Montag, den 03. Juni 2024 um 17.00 Uhr in B7- 210 - Seminarraum A
Vortrag von Anatole Gaudin (Marseille) zum Thema: "Homogeneous Function Spaces for Global-in-Time Well-Posedness"
Abstract:
In the last decades, function spaces that control specific amounts of localization and regularity appearing in a PDE have become central to the global-in-time well-posedness of evolution PDEs: those spaces are called homogeneous Sobolev and Besov spaces.
This presentation will focus on the realization of homogeneous function spaces on some half-spaces, extending certain approaches established on the whole space and the flat half-space. The construction we focus on is particularly well-suited for addressing nonlinear partial differential equations with possibly boundary conditions. We will demonstrate how these spaces appear naturally when studying some standard PDEs, and why their usual construction does not fit the goal of studying nonlinear and boundary value problems.

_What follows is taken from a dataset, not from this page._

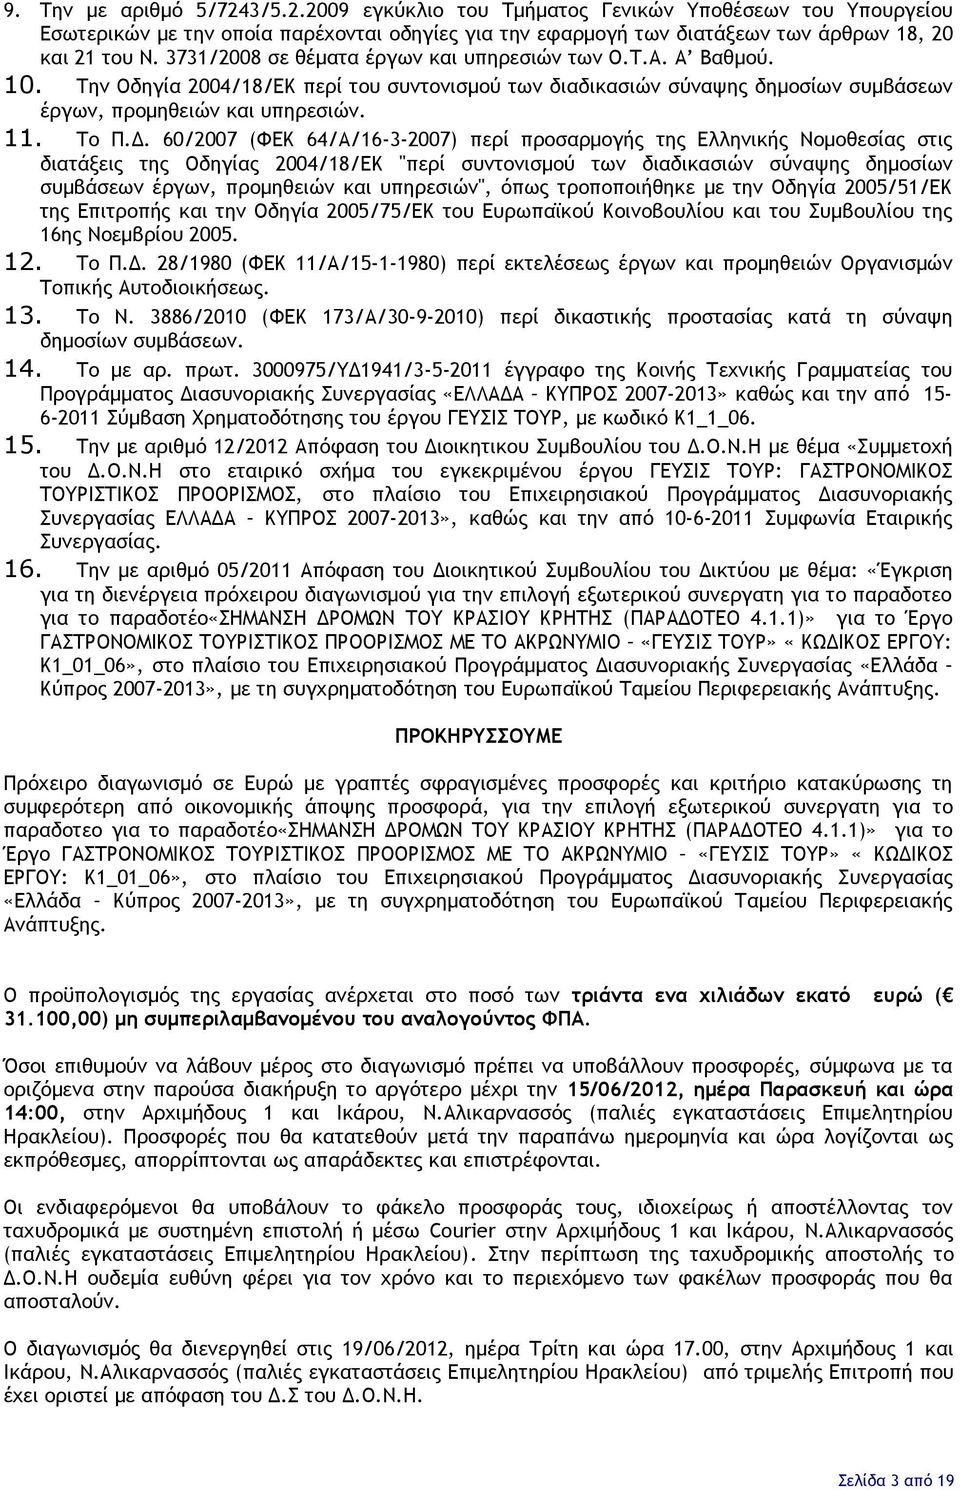 60/2007 (ΦΕΚ 64/Α/16-3-2007) περί προσαρμογής της Ελληνικής Νομοθεσίας στις διατάξεις της Οδηγίας 2004/18/ΕΚ "περί συντονισμού των διαδικασιών σύναψης δημοσίων συμβάσεων έργων, προμηθειών και

We will specifically discuss the interpolation of these spaces, trace results, and adapted operator theory. This will lead to some global-in-time $\mathrm{L}^q$-maximal regularity results, as well as numerous other variants in this framework, offering a natural extension of some results recently obtained by Danchin, Hieber, Mucha, and Tolksdorf. When considering the flat half-space, it is possible to obtain a Hodge/Helmholtz decomposition (or equivalently the boundedness of the Leray projector) for homogeneous Besov spaces with "sufficiently high" regularity indices. It allows us to also recover various global-in-time $\mathrm{L}^q$-maximal regularity results, such as, for example, an $\mathrm{L}^1_t(\dot{\mathrm{B}}^{s}_{p,1})$ result, which can be of central interest in viscous fluid mechanics.